Recreational substances matter too. Both cocaine and alcohol are associated with erection-related complications. If you suspect a medication is behind the problem, that’s worth a conversation with whoever prescribed it. Switching to a different drug in the same class often resolves the issue without losing the therapeutic benefit.

Lifestyle Factors Worth Adjusting

Beyond clothing and in-the-moment techniques, a few daily habits influence how often random erections occur. Regular ejaculation, whether through sex or masturbation, lowers the baseline level of arousal your body carries. If you’ve gone a longer stretch than usual without ejaculating, you’re more likely to experience spontaneous erections.

Exercise helps in two ways. It burns off excess energy and tension that can manifest as physical arousal, and it improves your body’s overall regulation of blood flow. Stress management matters too, though the relationship is less straightforward. Chronic stress keeps your nervous system in a heightened state of reactivity, and for some men that translates into more frequent erections rather than fewer. Regular sleep, physical activity, and basic stress reduction can stabilize the system over time.

Reducing direct genital stimulation during the day also helps. Adjusting how you sit, avoiding positions where your thighs press tightly together, and being mindful of seating surfaces (bus vibrations, for example) can eliminate triggers you didn’t realize were there.

When Frequent Erections Signal Something Else

For most men, unwanted erections are a nuisance, not a medical problem. But two conditions are worth knowing about.

Persistent genital arousal disorder (PGAD) involves constant, unwanted sensations of genital arousal without any sexual desire. Unlike a normal erection, the sensations are distressing, uncontrollable, and often aren’t relieved by orgasm. PGAD is rare and not well understood, but it’s a recognized medical condition that can significantly affect daily life. Diagnosis typically involves a detailed history, physical exam, and tests to rule out other causes.

Priapism is a prolonged erection that won’t go away, usually lasting well beyond the normal few minutes. An erection lasting more than four hours is a medical emergency. At around six hours, the smooth muscle tissue inside the penis begins to swell and deteriorate from lack of oxygen.
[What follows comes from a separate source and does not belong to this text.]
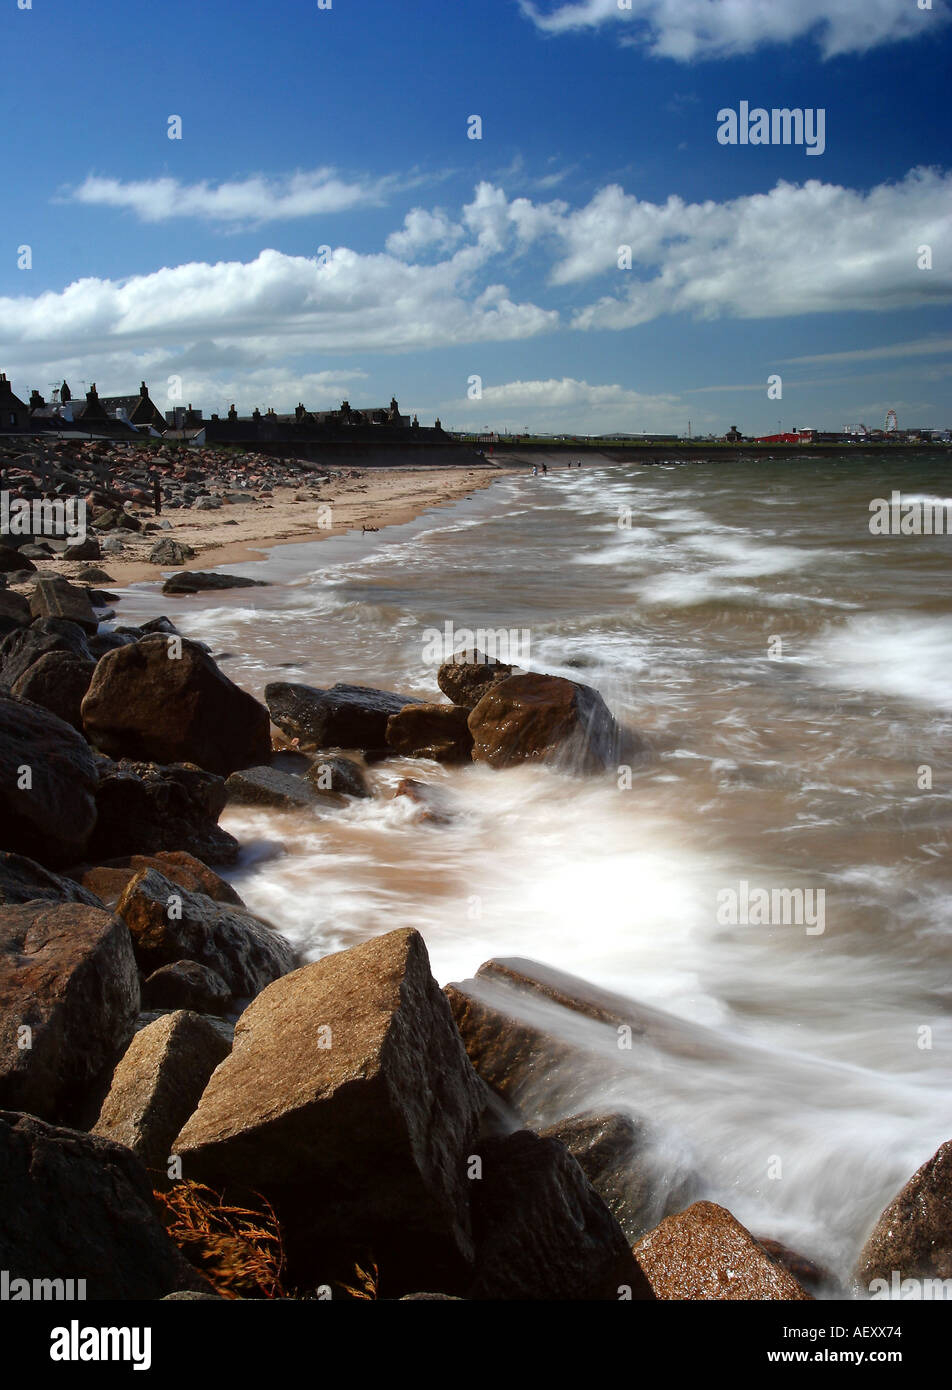 Portrait format image of Aberdeen Beach and promenade Scotland against a blue sky and rocky foreground Stock Photo

Research from the American Urological Association shows that erections persisting beyond 36 hours result in permanent erectile dysfunction, with no men in studied groups recovering function afterward. If you experience a painful erection that has lasted more than two or three hours and shows no sign of resolving, that requires urgent medical attention. The earlier it’s treated, the better the outcome.

Priapism can occur on its own, but it’s more commonly linked to medications, sickle cell disease, or recreational drug use. If you’ve had even one episode, it’s important to identify the underlying cause to prevent recurrence.